Montfermeil, en Seine-Saint-Denis, a énormément changé, bien évidemment, depuis le temps de Victor Hugo qui y avait situé l’auberge des Thénardier, exploiteurs sans scrupules de la petite Cosette. Aujourd’hui se dresse un quartier sensible, comme on dit, mais, ce qui n’a pas changé, c’est la misère et ce qu’elle provoque en fait de frustrations et de désir de révolte. Ladj Ly, qui a lui-même vécu dans cette cité des Bosquets de Montfermeil, a été bien inspiré en plaçant son film sous l’égide du grand écrivain, tout en mettant en scène des réalités qui sont des spécificités de notre temps, à commencer par la facilité avec laquelle on peut, aujourd’hui, enregistrer des images volées sur la voie publique.
Contrairement à tant d’autres films qui ont eu pour ambition de montrer la réalité des quartiers sensibles mais sans réussir à se défaire de toutes sortes de clichés, Ladj Ly, faisant preuve de beaucoup de finesse, parvient à échapper à tous les pièges inhérents au sujet.
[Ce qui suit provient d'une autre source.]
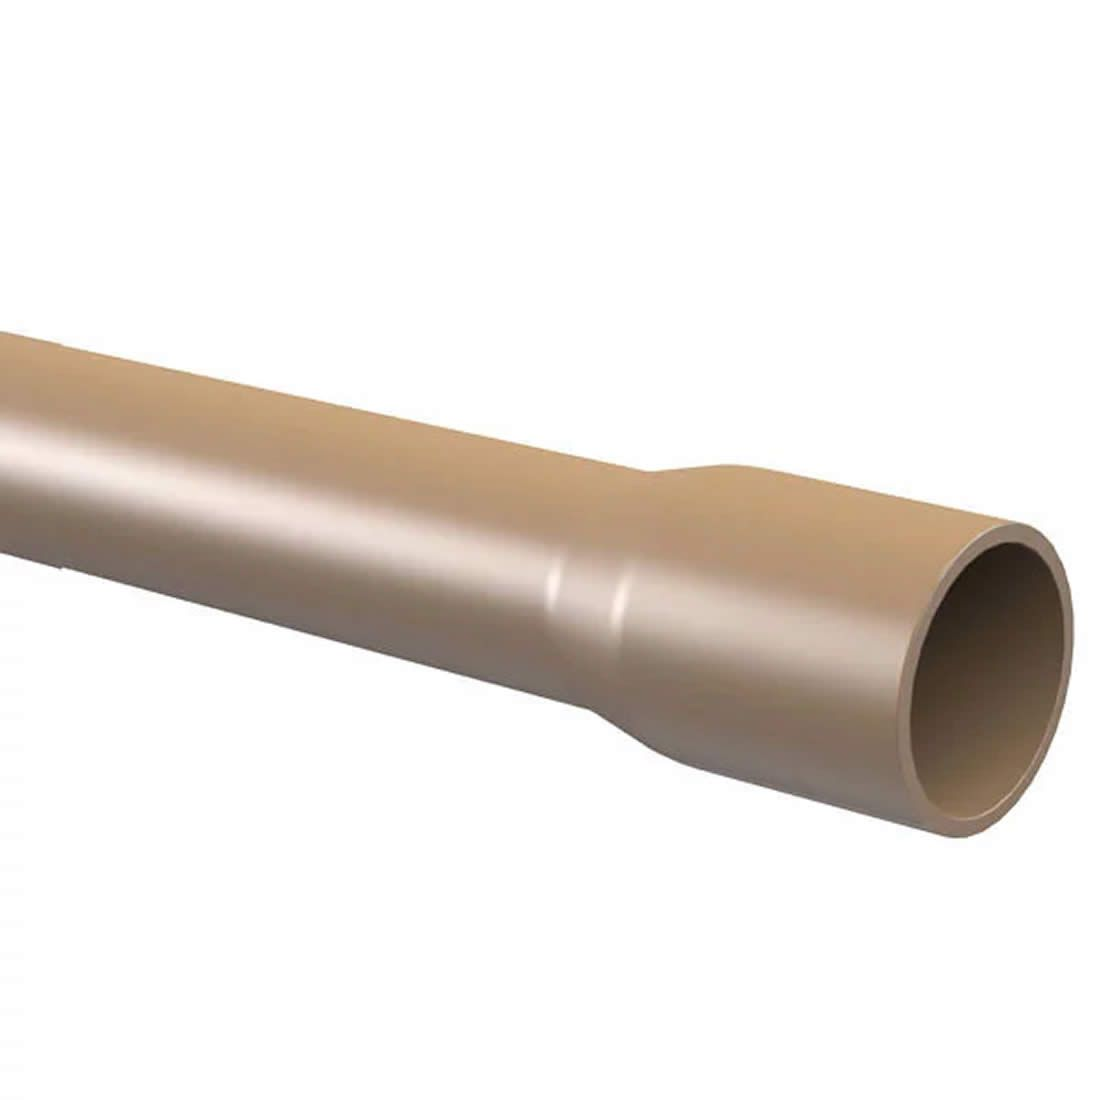 Tubo PVC Soldável 110mm X 6 Metros Tigre

Dans son film, sont présents des musulmans radicaux, des faux repentis, des caïds ayant pour chef un faux maire et, surtout, des bandes d’enfants désoeuvrés. Tous ces protagonistes semblent comme filmés sur le vif, au point qu’on n’a quasiment pas l’impression d’avoir affaire à des acteurs. La crédibilité des scènes n’est jamais prise en défaut.
Il en est de même avec les trois policiers de la brigade anticriminalité sur qui se concentre une bonne partie du film. C’est une des audaces de Ladj Ly qui, ayant lui-même passé son adolescence dans cette cité, pourrait être saturé de préjugés à l’égard de la police. Or il choisit délibérément d’adopter, dans de nombreuses scènes, le point de vue d’un des trois policiers, nouveau venu dans cette brigade et, de ce fait, découvrant des méthodes qui ne peuvent le laisser de marbre.
Le réalisateur décortique avec minutie l’enchaînement de circonstances qui conduisent finalement à un débordement de violence extrême. Tout commence par l’irruption, dans le quartier, de gitans en colère parce qu’un gamin, qu’ils supposent être de la cité, leur a dérobé un lionceau. C’est à partir de cet événement que les policiers sont amenés à intervenir auprès des enfants et c’est au cours d’une intervention musclée qu’a lieu une « bavure », un tir de flashball qui ravage le visage d’un garçon.
Or, le policier qui s’est rendu coupable de ce tir se rend aussitôt compte que la scène a été filmé par un drone. Pour lui, dès lors, une seule chose compte : trouver celui qui manipule l’engin et qui, par conséquent, détient la preuve en images de la « bavure ». Le gamin blessé, lui, peut attendre avant de se faire soigner, ce qui choque celui des trois policiers qui est nouvellement arrivé dans l’équipe. Mais la peur des images est plus forte que tout. Elle avait d’ailleurs déjà été signifiée dès le début du film à l’occasion d’un contrôle auprès d’adolescentes à un arrêt de bus. Cette peur-là annihile toute possibilité d’apitoiement. Un enfant blessé au visage compte moins que la nécessité de se protéger des images en les retrouvant et en les détruisant.
La colère n’a pas besoin d’autre chose pour surgir et se manifester sous des formes très violentes. L’affrontement a lieu, il est inévitable, mais, même sur ce terrain-là, Ladj Ly réussit, in fine, à échapper aux conventions.
Il suspend le temps, en quelque sorte, il nous laisse imaginer jusqu’où peut aller la révolte, mais sans éprouver le besoin de montrer le pire. Dans un film qui s’interroge avec pertinence sur le pouvoir des images, il était plus que judicieux, en effet, de ne pas filmer le plus épouvantable.